Recall rate (percentage) per language, sequence length and contrast type (stress/phoneme). Index values are mean stress error rates subtracted from mean phoneme error rates (higher index = more recall difficulty). Mean index is the mean of the indexes for the three sequence lengths.

Language Sequence length Stress Phoneme Index Mean index
Papuan Malay 3 48.08 79.23 31.15 33.97
4 36.92 71.54 34.62
5 18.08 54.23 36.15
German 3 77.31 85.00 7.69 10.51
4 74.23 79.23 5.00
5 53.08 71.92 18.85
Table 4

Results of the GLMM. (n.s. = not significant).

Factor β SE z p
(Intercept) 0.57 0.29 1.97 = 0.05  
Contrast: phoneme 1.31 0.09 14.33 <0.001
Seq.length: 4–3 –0.45 0.19 –2.30 <0.05  
Seq.length: 5–4 –0.92 0.19 –4.78 <0.001
Spk.language: Persian –0.14 0.09 –1.55 n.s.
Spk.gender: male 0.17 0.09 1.88 =0.06  
Block.order: stress first 0.29 0.31 0.91 n.s.
Exp.language: Papuan Malay –1.37 0.31 –4.48 <0.001

The language of the speaker in the stimuli did not affect the recall accuracy. As for gender of the speaker, recall was better for male ones than for female ones. Whether participants started with stress contrasts or with phoneme contrasts (block order) did not have an effect on recall accuracy.

The index values calculated per sequence length (Table 3) indicate a steady increase in stress recall difficulty when sequences got longer for Papuan Malay listeners. For German listeners, however, the index value was lower for four-word sequences than for three-word sequences, and higher again for five-word sequences.

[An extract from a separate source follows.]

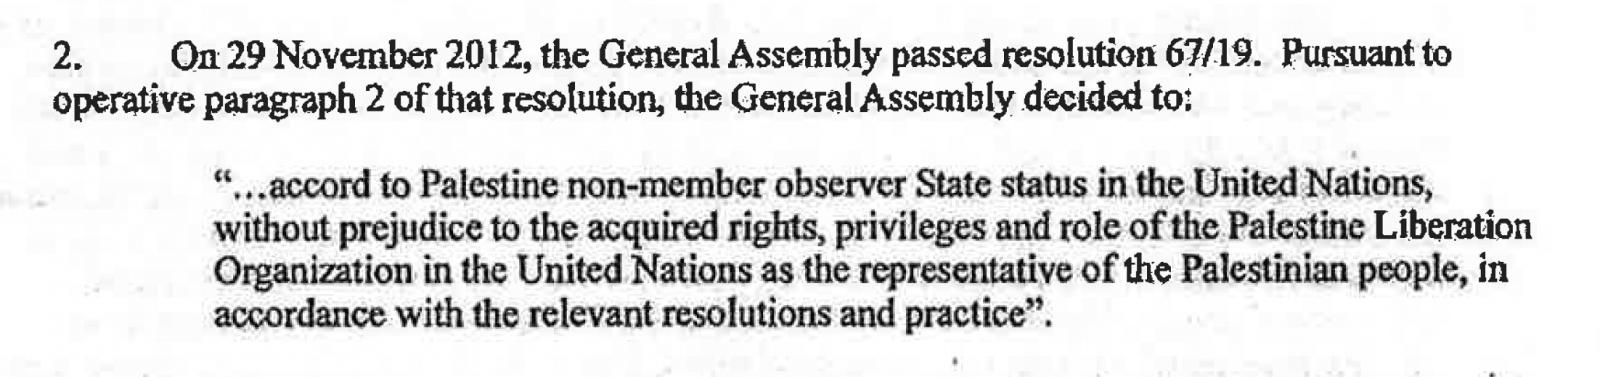 Exscerpt• 2012 Memo • UN Legal Affairs Ofc.png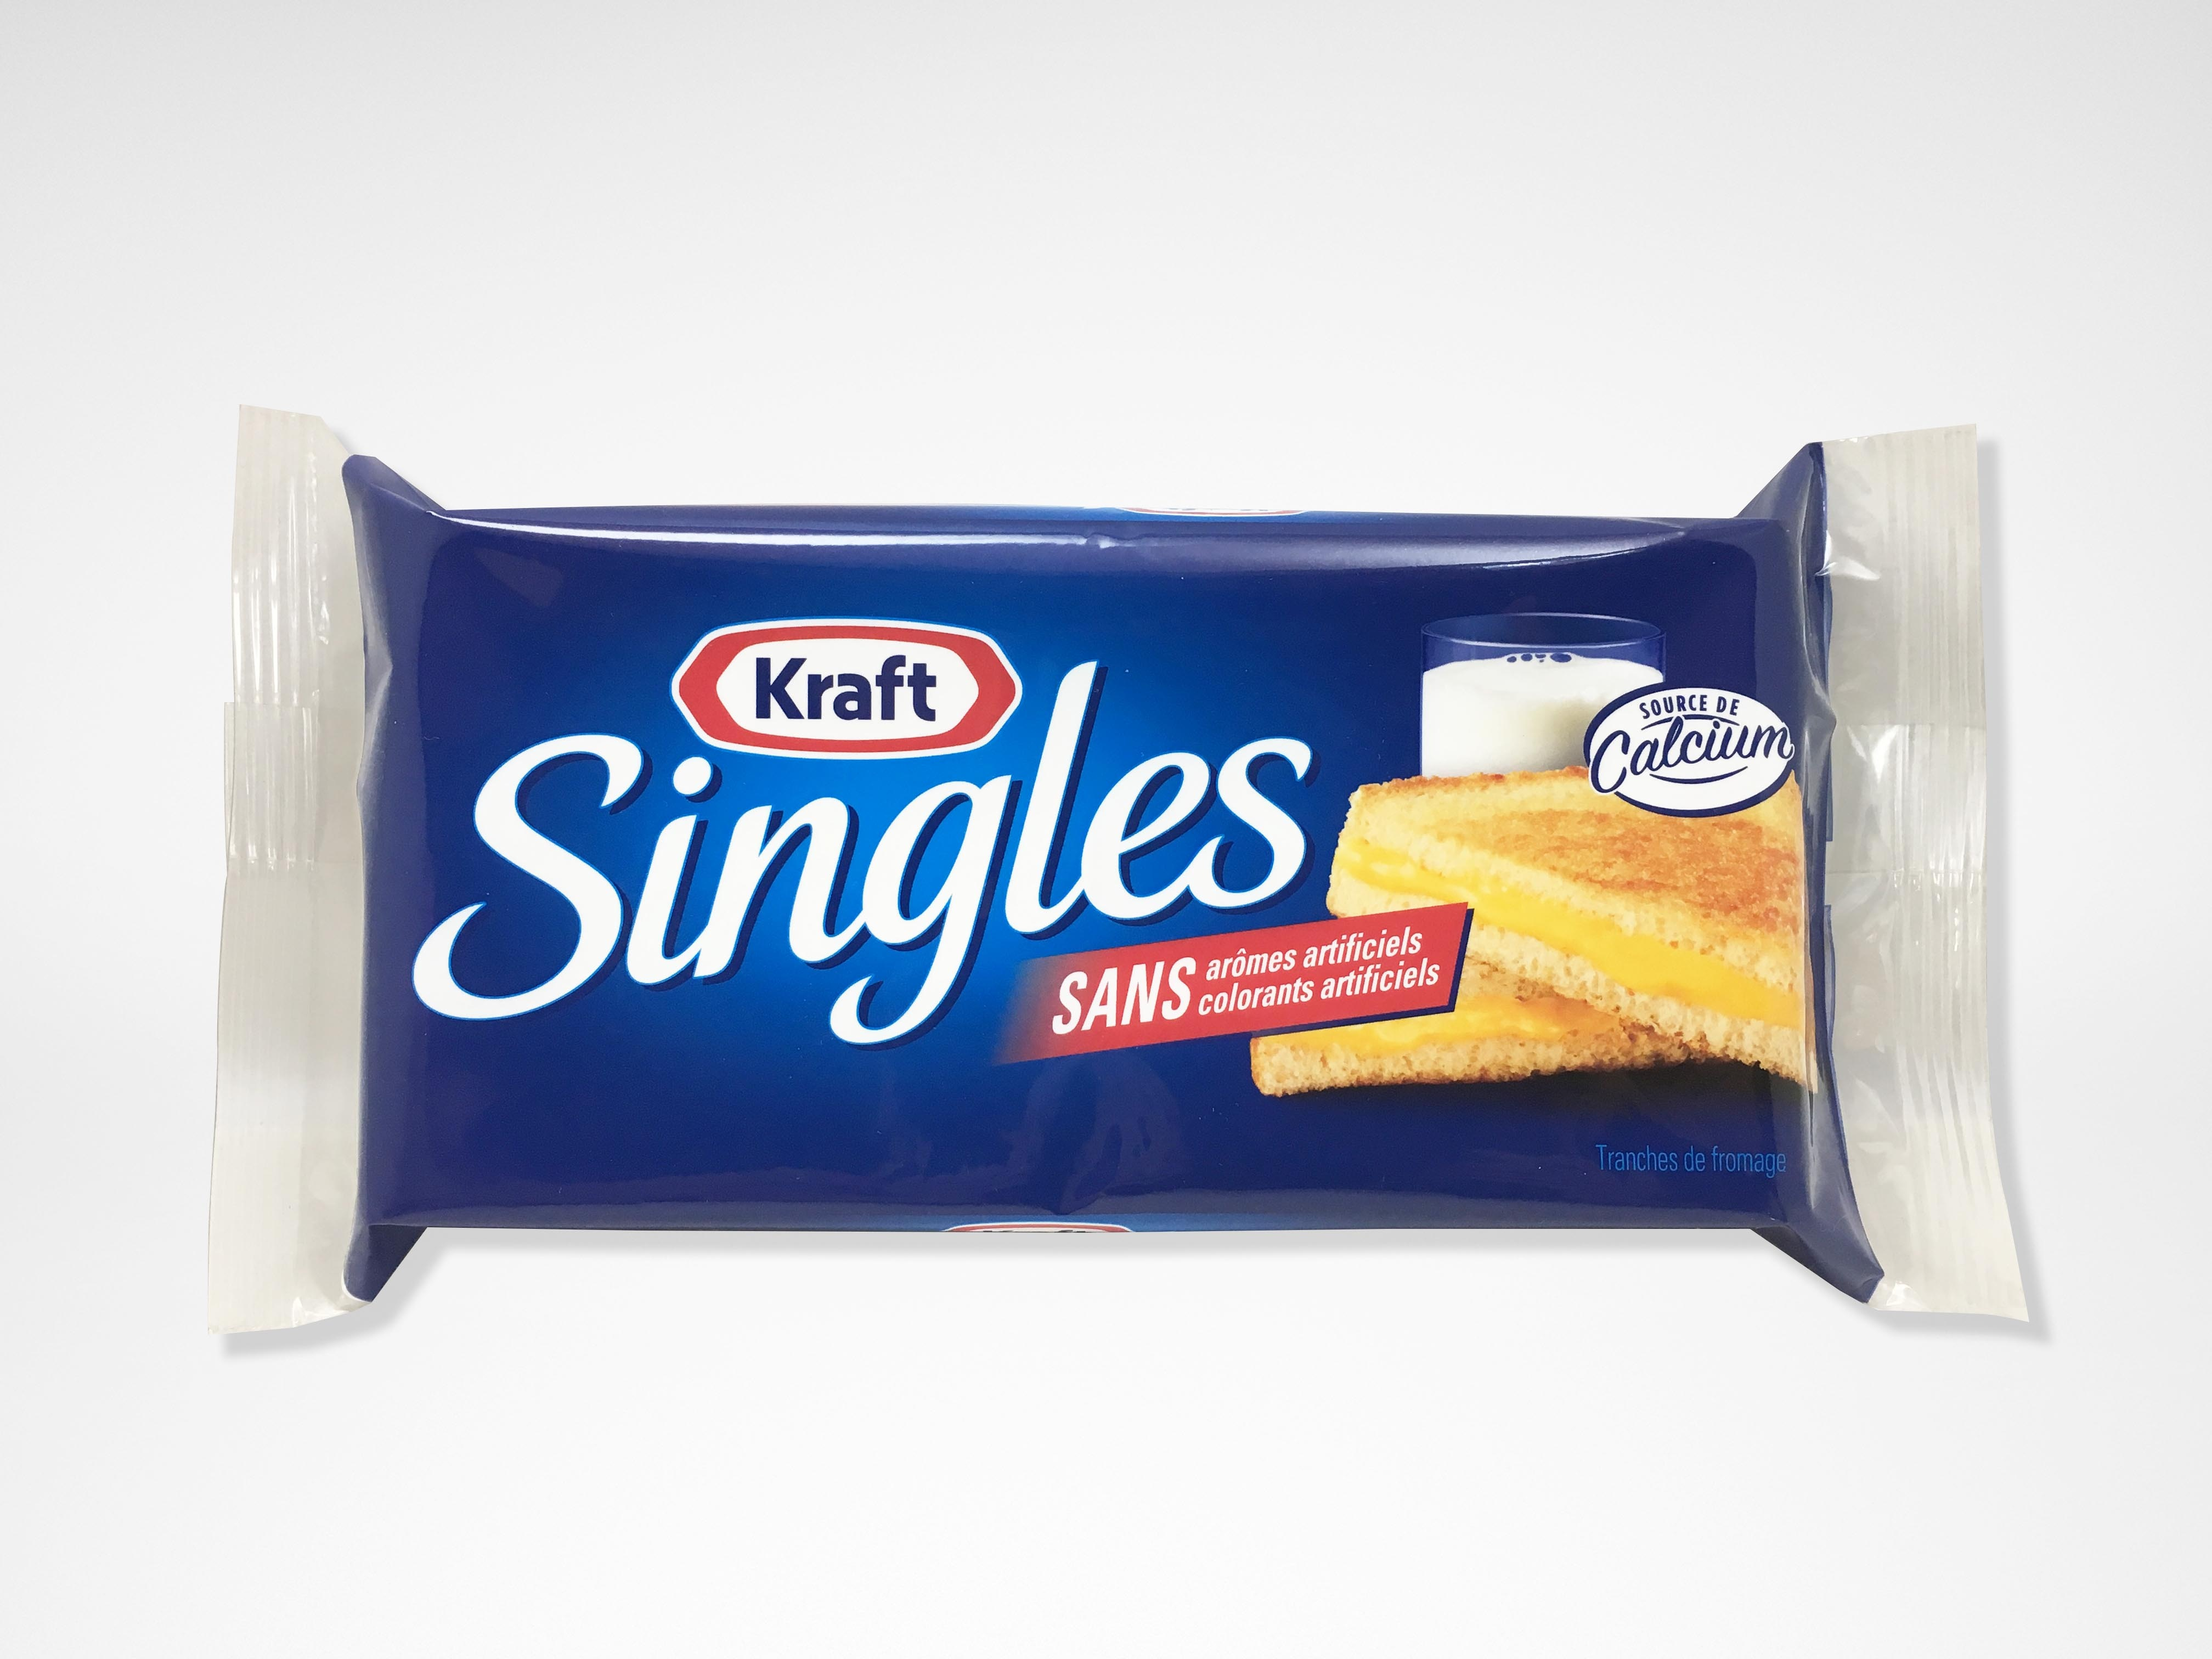 https://0901.nccdn.net/4_2/000/000/00d/f43/Kraft-Singles--4032x3024.jpg

4. Discussion and conclusion

This study showed that Papuan Malay listeners have more difficulty recalling stress patterns than German ones. This can be seen in the lower overall recall rates and in the higher relative error rates as expressed by the index value (Table 3). The German index value obtained in this study is similar to the ones reported for German in earlier work (Haake et al., 2013; Heisterueber et al., 2014). Given the otherwise limited comparability of index values across studies (Section 1.3), the comparisons drawn in this discussion concern the studies using identical stimuli and setup (i.e., Rahmani et al., 2015; Bruggeman, 2020; Lialiou et al., 2023).

The recall rates for phoneme contrasts were overall worse for Papuan Malay listeners than for German listeners, a pattern also observed between listeners of Dutch and Japanese on the one hand and listeners of Indonesian, Persian and French on the other (Rahmani et al., 2015). Similarly, recall for phoneme contrasts was worse for languages in which stress recall was also worse, e.g., Tashlhiyt Berber < Moroccan Arabic (Bruggeman, 2020) and Maltese-dominant < Maltese English-dominant (Lialiou et al., 2023). That is, recall of phoneme contrasts, although generally easier than recall of stress contrasts, is facilitated when listeners have experience with stress contrasts. The Papuan Malay index value is slightly lower than the Indonesian one obtained from Rahmani et al. The hypothesis that Papuan Malay listeners would outperform the Indonesian ones is therefore not clearly met. The hypothesized similarity with the Polish performance in Peperkamp & Dupoux (2002) and Peperkamp et al. (2010) (Section 1.4) also does not hold, as Papuan Malay listeners showed clearly worse recall performance. The German listeners in the current study’s PSRT performed significantly better than the Papuan Malay ones. The German result can be ascribed to the use of word stress in this language, as hypothesized in Section 1.4.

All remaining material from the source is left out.